La capitolazione, ci ricorda l’autore, non è l’unico modo, sia per il singolo soldato sia per un esercito e lo stato di riferimento, di terminare una guerra. Il primo può disertare, fuggire, farsi catturare; uno stato può negoziare l’armistizio, se le condizioni della guerra lo rendono ancora possibile. Diverso il caso della capitolazione, quando i combattenti decidono di deporre le armi, in relazione alle possibilità/modalità di resa eventualmente dai vincitori concesse ai vinti, in modo tale che queste siano per i vinti stessi accettabili.
I vertici in dialettico rapporto tra loro di una sorta di “quadrilatero aristotelico della resa” che racchiude e definisce forme e modi del capitolare sono l’onore del soldato che combatte, il suo istinto di sopravvivenza, le condizioni di resa imposte dal vincitore e la disponibilità o la possibilità del vinto di accettarle. E il principio regolatore dell’intero meccanismo è una sorta di “mano invisibile della guerra” che, ritiene l’autore, come quella smithiana regolatrice del mercato, dovrebbe solitamente essere in grado di condurre al termine del conflitto prima dell’annientamento di una delle parti coinvolte. «L’idea […] mefistofelica di una forza che mira al male e realizza il bene può venire trasposta nel contesto della cessazione dei conflitti: i moventi egoistici e individualistici delle parti belligeranti […] impediscono normalmente che la guerra raggiunga i suoi eccessi, ossia il completo annientamento dell’avversario sconfitto». (p. 9) Ma talvolta la “mano invisibile” fallisce nel suo intervento e cioè quando la superiorità del vincitore è tale che questo si convince di non avere nulla da guadagnare da una qualche forma di riguardo o clemenza verso lo sconfitto e che anzi la sua eliminazione spietata possa essere un vantaggio.

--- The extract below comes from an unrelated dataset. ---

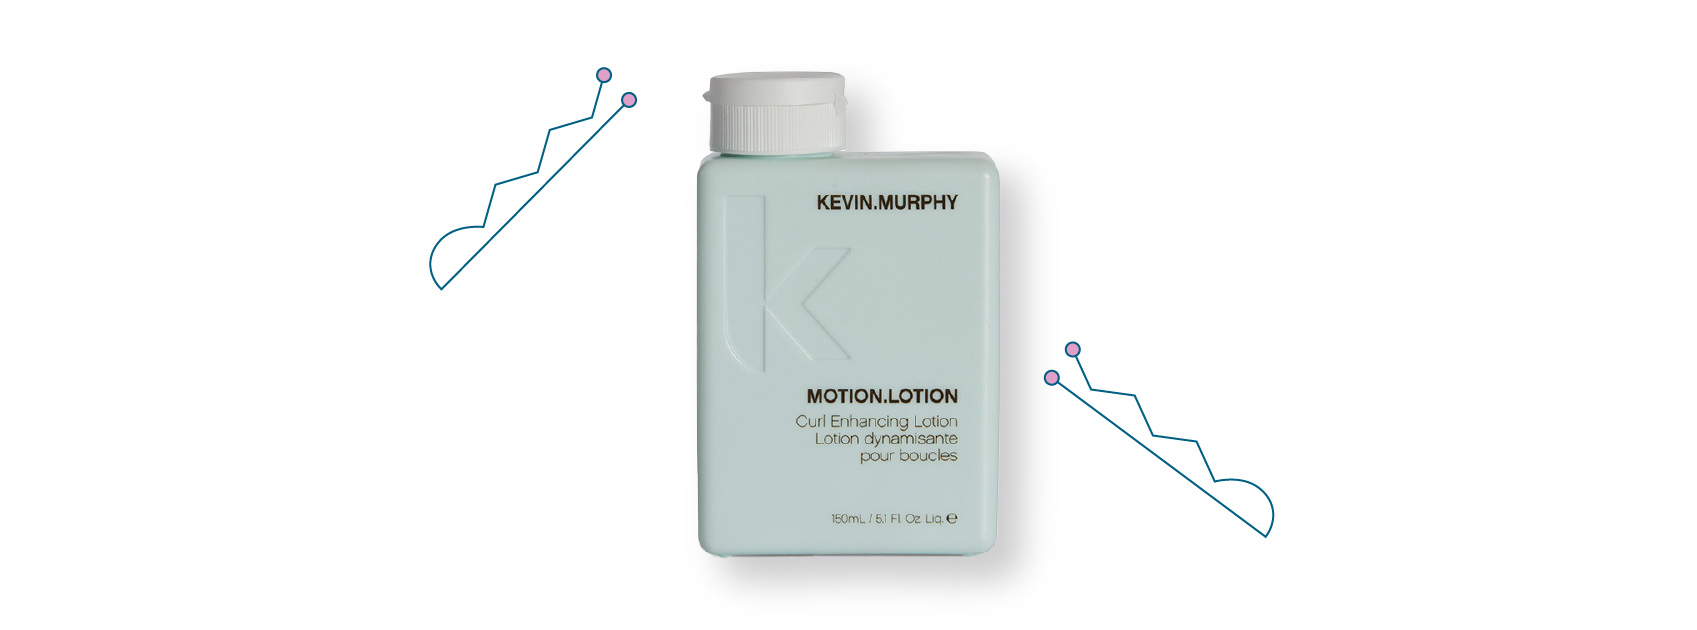 bottle of motion lotion by kevin murphy with illustrations of hair pins

Più volte l’autore si rifà alle parole di Carl von Clausewitz, generale e teorico militare prussiano protagonista delle guerre contro Napoleone, e in particolare a quelle del suo Della guerra (postumo, 1832), in cui si sostiene che il fine di un conflitto sia l’annientamento del nemico, ove «il termine “annientamento” non significa lo sterminio fisico del nemico, la morte dei soldati sconfitti, ma indica una condizione in cui i vinti non sono più in grado di infliggere danni significativi al vincitore» (p. 13) Pertanto, è stato possibile nel corso della storia che gli uomini abbiano progressivamente abbandonato l’idea (senza mai, però, rigettarla completamente, come gli eventi bellici novecenteschi frequentemente dimostrano) che una guerra si debba concludere necessariamente con l’eliminazione fisica del nemico, fino all’ultimo uomo, ed invece abbiano introdotto norme, condiviso consuetudini con cui “civilizzare” la brutalità ferina della guerra e tra queste, appunto, rientra la pratica della capitolazione. Questa poi può verificarsi nella forma di una resa che contempla la negoziazione di condizioni oppure in quella della resa incondizionata (che trova il suo archetipo nella deditio romana), che pone come unici limiti alle pretese del vincitore quelli previsti dal diritto internazionale, da quando esiste e se sufficientemente forte per imporsi; ovvero la capitolazione può essere spontanea o forzata, ma in ogni caso precedente la debellatio, cioè la distruzione totale della forza militare nemica, che conduce al disarmo e che rende superflua la capitolazione stessa.
Di queste ed altre forme di dedizione, delle specifiche circostanze storiche e delle rispettive conseguenze si occupa Afflerbach nei diversi capitoli del libro, ma una è la “regola aurea” della capitolazione che egli individua: “il principio di reciprocità”, cioè del vantaggio vicendevole, seppur tra due parti in relazione così squilibrata come i vincitori e i vinti di una battaglia o di una guerra. Se lo sconfitto capitola tempestivamente, risparmia ulteriori perdite e lutti non solo alla propria parte, ma anche a quella del nemico vincitore, che sarà perlopiù ben disposto a considerare l’eventualità di un atteggiamento clemente. La resistenza accanita priva di reali possibilità di capovolgimento delle sorti dello scontro produce invece l’effetto opposto e induce il vincitore alla brutalità e alla eliminazione di ogni scrupolo morale nell’imposizione della propria superiore forza. Il ricorso al principio di reciprocità risulta conveniente anche al vincitore che, se si dimostrasse incapace di clemenza, indurrebbe futuri nemici a comportarsi allo stesso modo nei suoi confronti o a non arrendersi per nessuna ragione, non intravedendo a quel punto più alcuna differenza tra il soccombere combattendo o disarmati.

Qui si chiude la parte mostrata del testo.